|dc.description.abstract||Metabolic syndrome is a cluster of disorders, including obesity, atherosclerosis, inflammation and insulin resistance. It is associated with increased risk of various types of cancers including breast cancer. Obesity in particular is a risk factor for an aggressive tumour phenotype and reduced survival of patients with breast cancer. To understand the underlying mechanisms I aimed to develop and characterise a metabolic syndrome mouse with an orthotopic model of breast cancer.

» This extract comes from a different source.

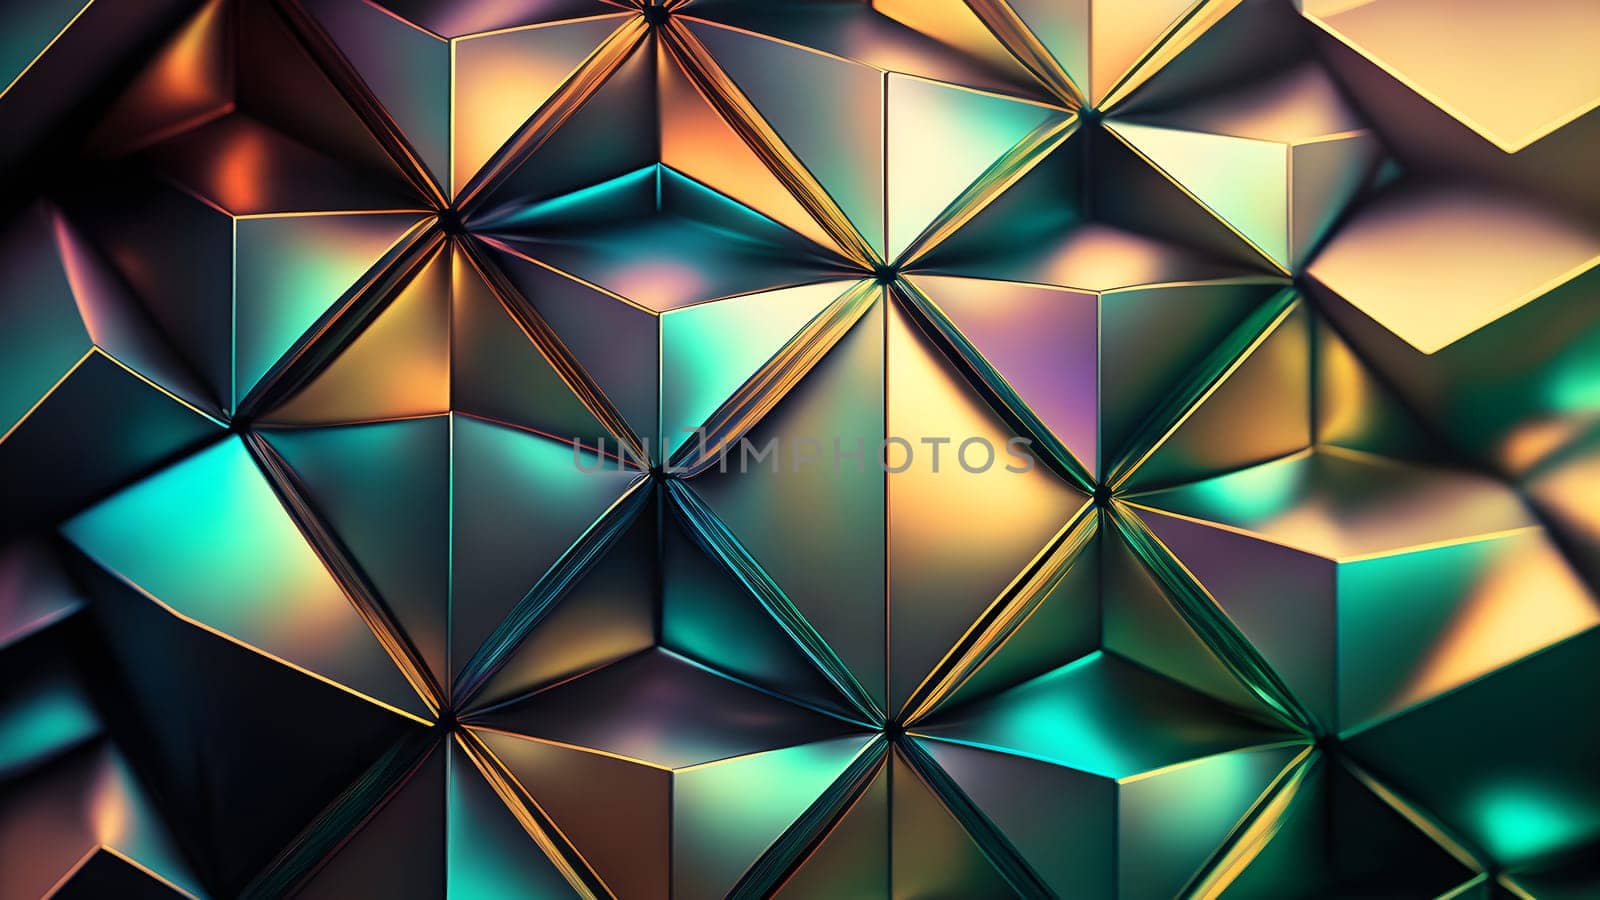 texture and abstract full-frame background of iridescent metal, neural network generated art. Digitally generated image. Not based on any actual scene or pattern.
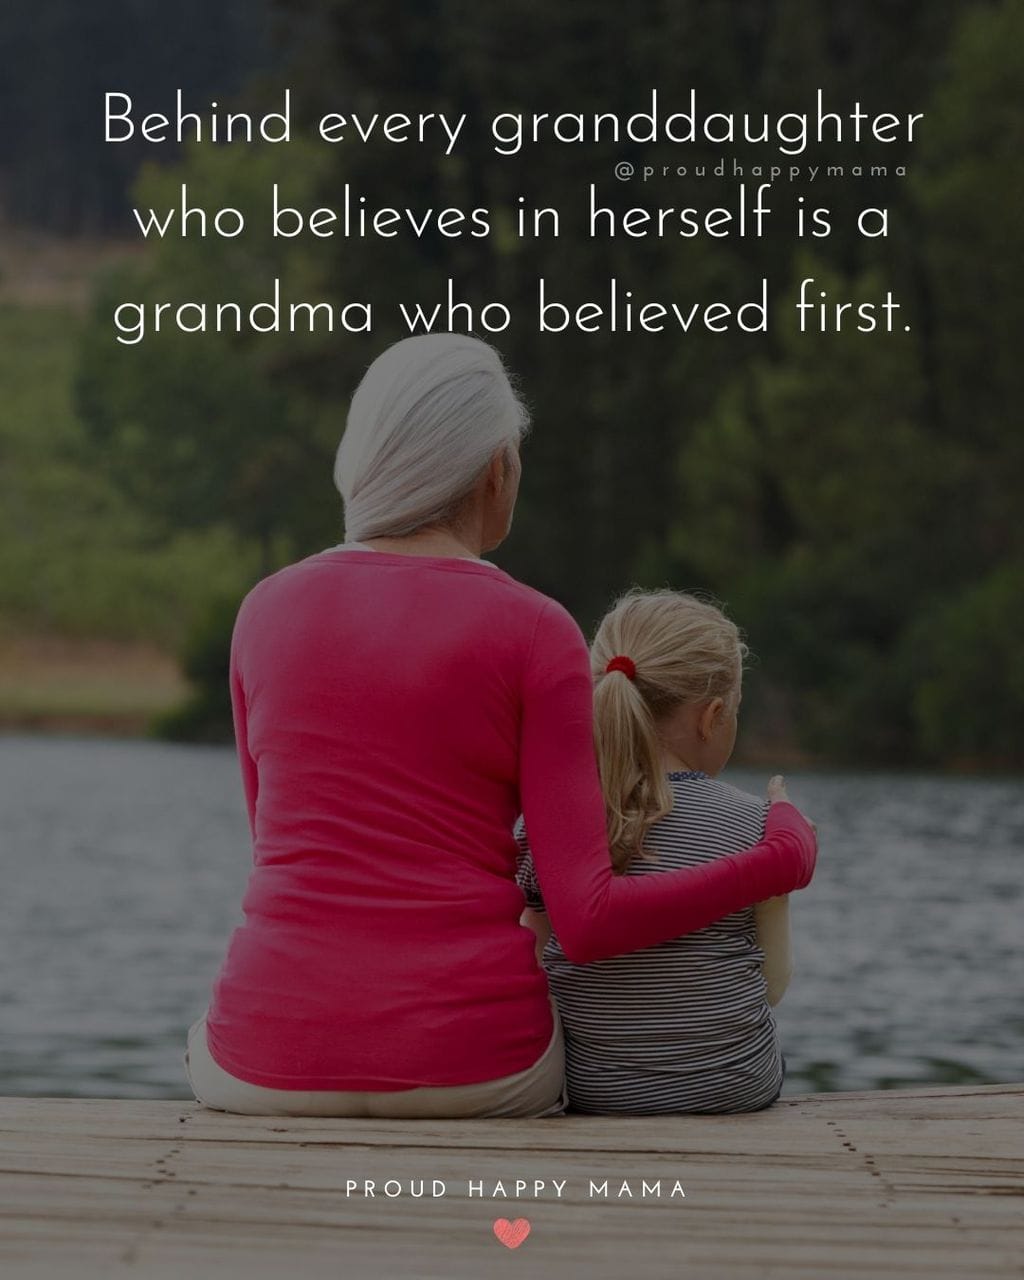 Granddaughter Quotes - Behind every granddaughter who believes in herself is a grandma who believed first.

Apolipoprotein E (ApoE) is involved in the catabolism of triglycerides and cholesterol, and the ApoE knockout mouse model is prone to obesity and development of atherosclerosis. The double knockout ApoE/ArKO mouse displays all features of metabolic syndrome. At 6 months of age, wild type, ApoE and ApoE/ArKO C57BL/6 mice were inoculated with the murine breast cancer cell line E0771. Growth of tumours in the mammary fat pad and mouse weight were measured until tumours reached ethical endpoint. The hypoxia marker, pimonidazole, was injected 90min prior to euthanasia, and plasma, organs and tumours were harvested and weighed. Half of each tumour was formalin fixed and paraffin embedded for Immunohistochemical (IHC) analysis of cancer associated adipocytes (perilipin), proliferation (phosphohistone-H3), estrogen receptor status (ERα) and hypoxia (pimonidazole adducts). The other half was frozen and processed for tumour lysates, which were used to measure hypoxia inducible factor 1 (HIF-1α) by Western blotting, and adipokines, using an antibody array. Vascular endothelial growth factor (VEGF) and Insulin-like growth factor binding protein 5 (IGFBP5) concentrations were further analysed by an ELISA assay. HIF-1α levels in EO771 cells were analysed by subjecting the cells to hypoxic conditions.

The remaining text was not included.